To parse HTML documents with Scraper, you first need to add the scraper
crate to your Cargo.toml
file:
[dependencies]
scraper = "0.12.0" # Check for the latest version on crates.io
Once you've added the dependency, you can start using Scraper in your Rust code. Here's a step-by-step guide on how to parse an HTML document using Scraper:
Step 1: Create a scraper::Html
instance
You'll need to create an instance of the Html
struct by passing a string slice that contains the HTML document you want to parse.
extern crate scraper;
use scraper::Html;
fn main() {
let html_content = r#"
<!DOCTYPE html>
<html>
<head>
<title>Example HTML</title>
</head>
<body>
<h1>Hello, World!</h1>
<p>This is an example HTML document.</p>
</body>
</html>
"#;
// Parse the HTML document
let document = Html::parse_document(html_content);
}
Step 2: Select elements using CSS selectors
Scraper allows you to select elements within the HTML document using CSS selectors. You can use the select
method on the Html
instance to obtain an iterator over the matching elements.

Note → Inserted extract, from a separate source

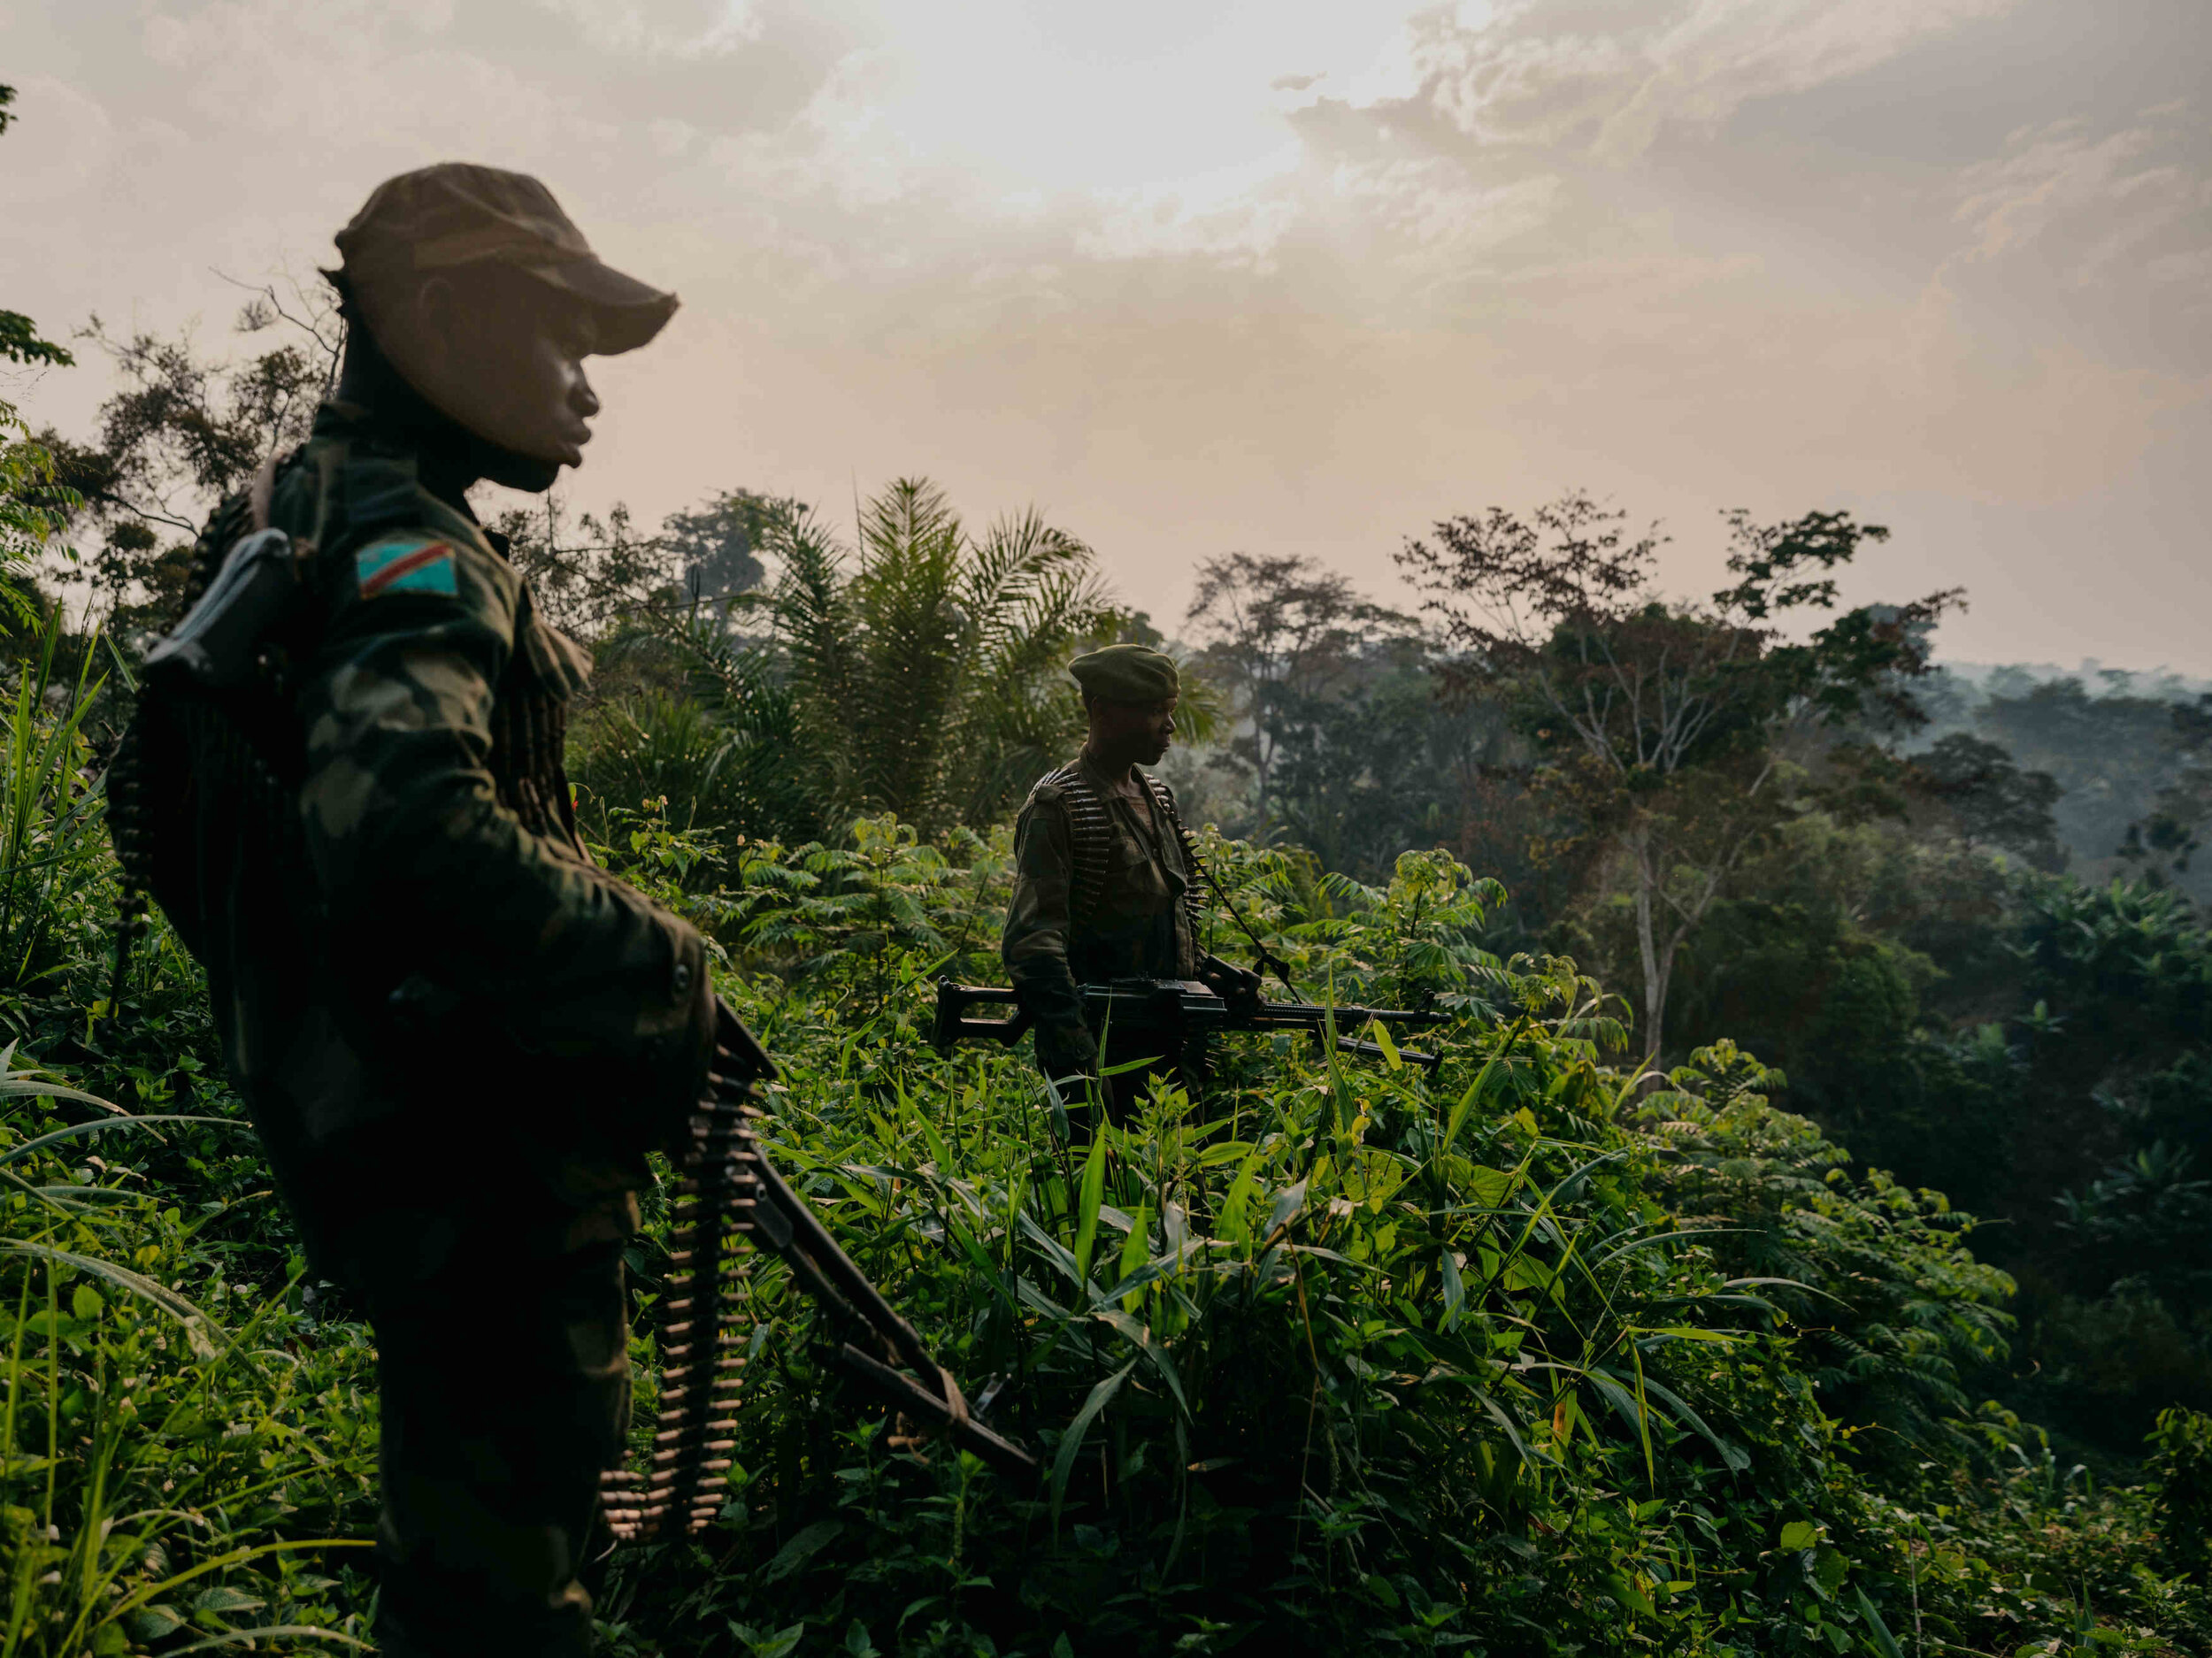 Bienvenue à Semuliki: Hunting the ADF. North Kivu, Democratic Republic of Congo.

use scraper::{Html, Selector};
fn main() {
// ... (previous code)
// Create a Selector instance for the elements you want to extract
let selector = Selector::parse("h1").unwrap();
// Iterate over the selected elements
for element in document.select(&selector) {
// Do something with each element, e.g., extract its text
let text = element.text().collect::<Vec<_>>().join("");
println!("Found heading: {}", text);
}
}
Step 3: Extract data from elements
Once you have selected the elements, you can extract data from them, like text or attribute values.
// ... (previous code)
fn main() {
// ... (previous code)
// Extract text
let p_selector = Selector::parse("p").unwrap();
for element in document.select(&p_selector) {
let text = element.text().collect::<Vec<_>>().join(" ");
println!("Paragraph text: {}", text);
}
// Extract attributes
let a_selector = Selector::parse("a").unwrap();
for element in document.select(&a_selector) {
if let Some(href) = element.value().attr("href") {
println!("Found link: {}", href);
}
}
}
The above example demonstrates how to parse an HTML document, select elements using CSS selectors, and extract text and attribute values from those elements. Scraper provides a straightforward way to perform web scraping tasks in Rust by leveraging the power of Rust's type system and the robust parsing capabilities of html5ever
.